§ **WHAT IS BEING ASKED**
Would you give the listing again exactly, without its images?

§ **RAW DATA**

<<<<

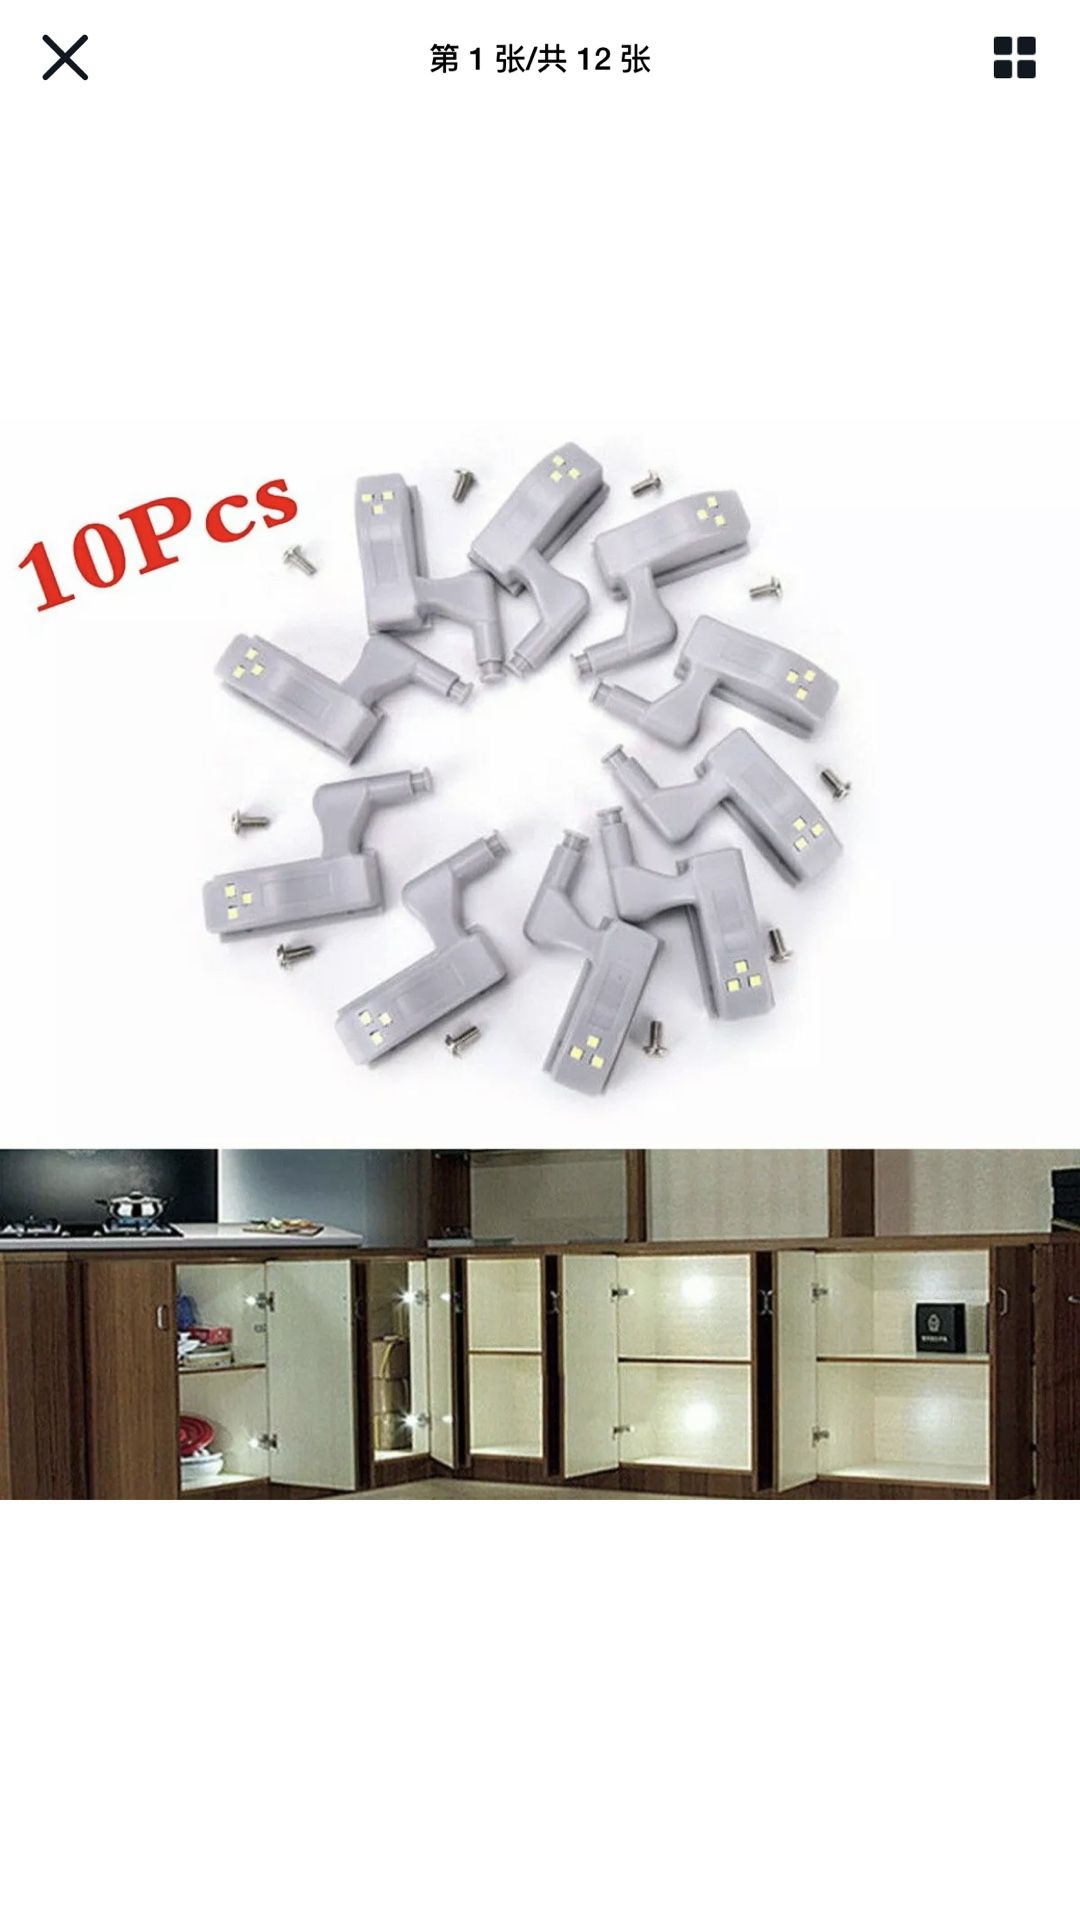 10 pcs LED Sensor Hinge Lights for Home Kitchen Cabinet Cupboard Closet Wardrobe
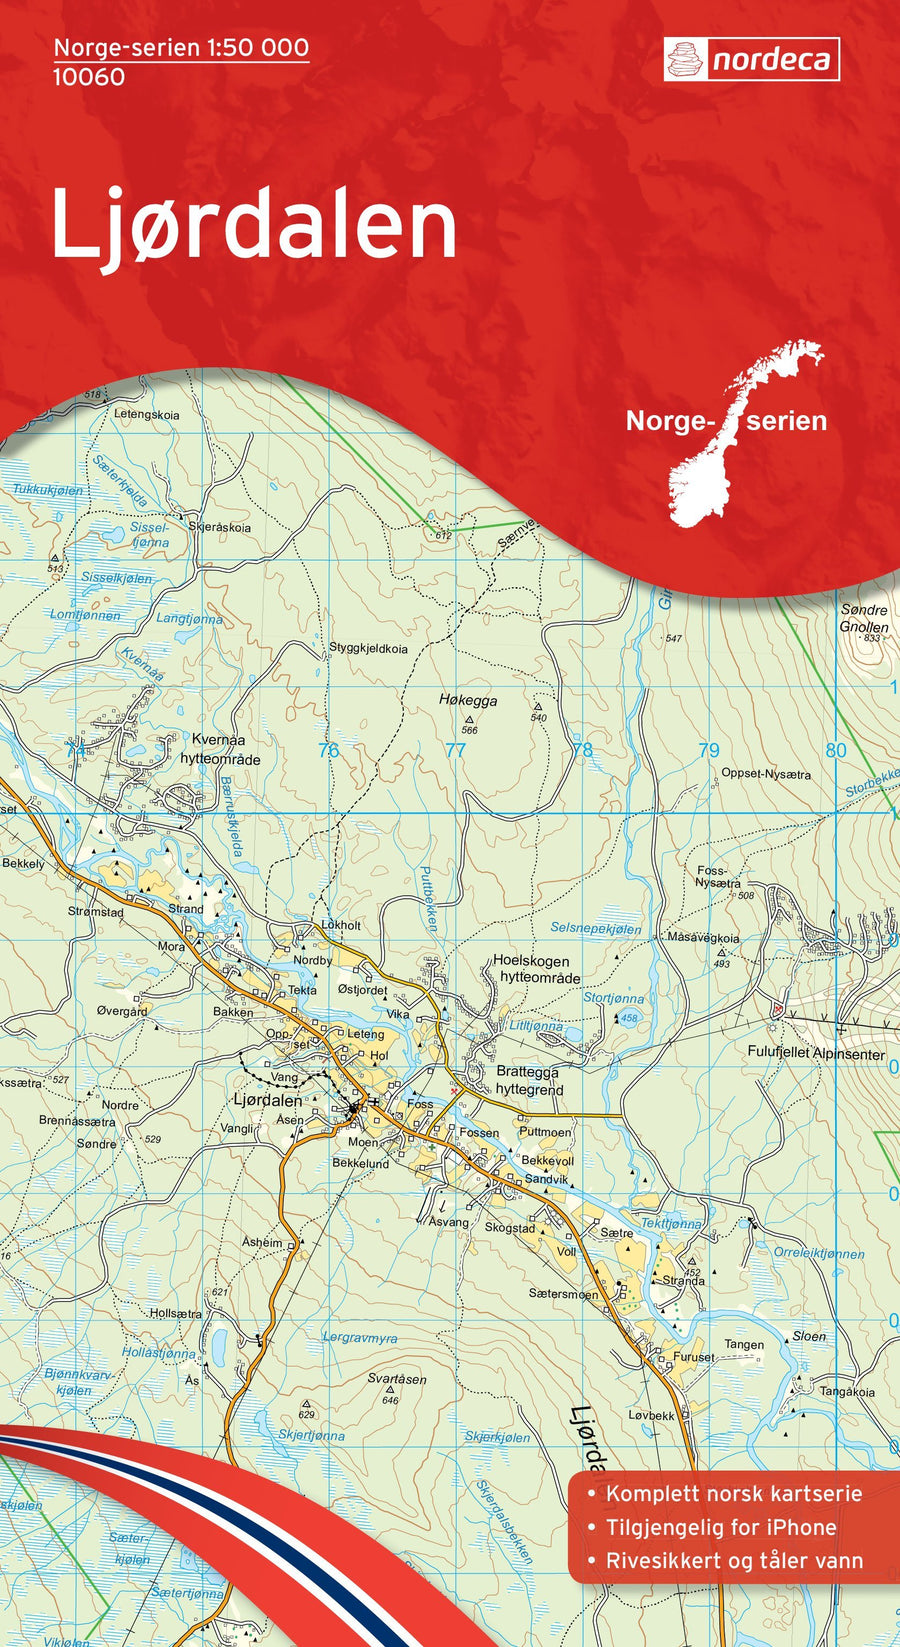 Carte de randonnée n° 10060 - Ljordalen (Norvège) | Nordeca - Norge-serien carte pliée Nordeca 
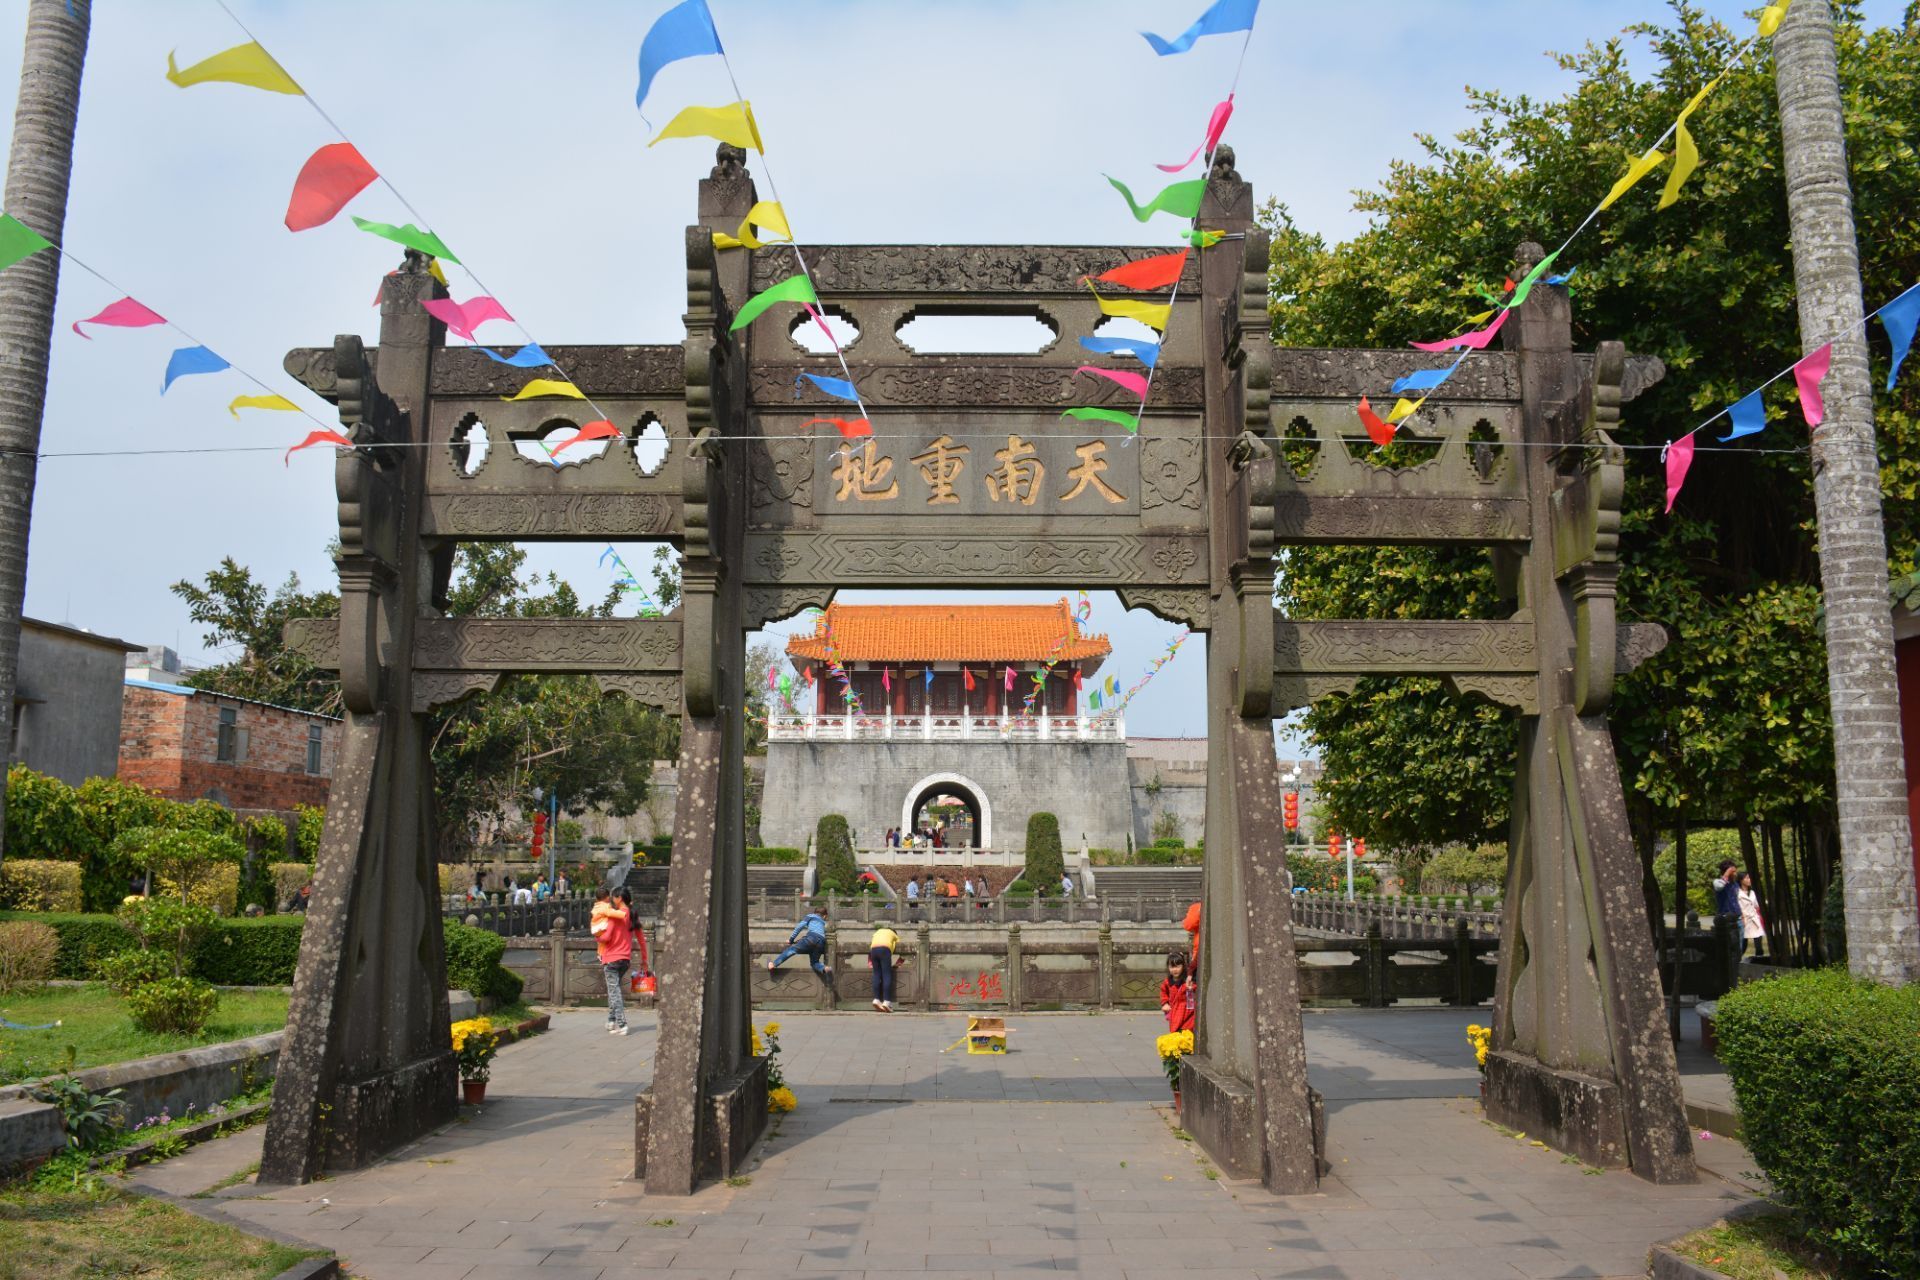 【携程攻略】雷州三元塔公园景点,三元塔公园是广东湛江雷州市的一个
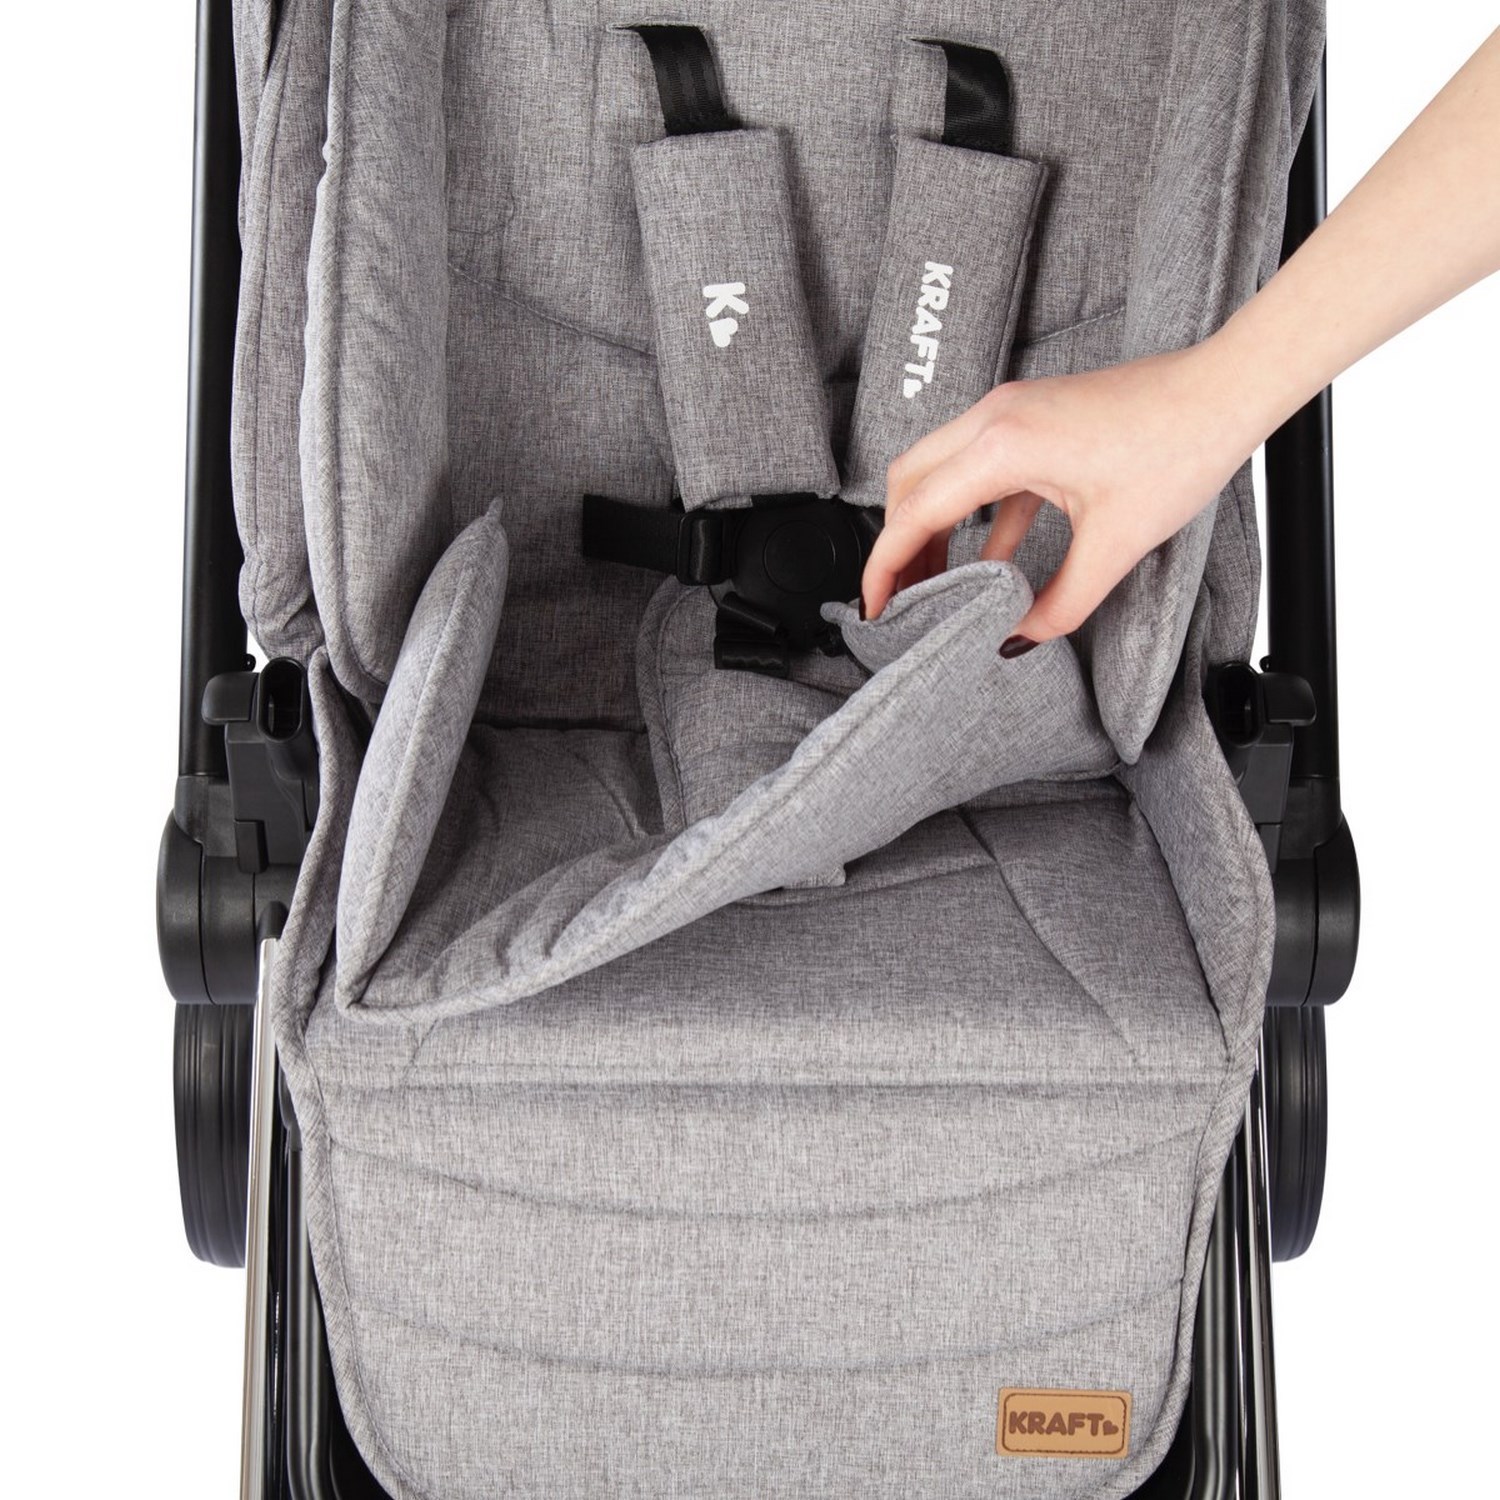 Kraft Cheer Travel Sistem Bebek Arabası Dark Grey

>>>>

§ **EXERCISE RESPONSE**
 10 pcs LED Sensor Hinge Lights for Home Kitchen Cabinet Cupboard Closet Wardrobe
 Carte de randonnée n° 10060 - Ljordalen (Norvège) | Nordeca - Norge-serien carte pliée Nordeca 
 【携程攻略】雷州三元塔公园景点,三元塔公园是广东湛江雷州市的一个
 Kraft Cheer Travel Sistem Bebek Arabası Dark Grey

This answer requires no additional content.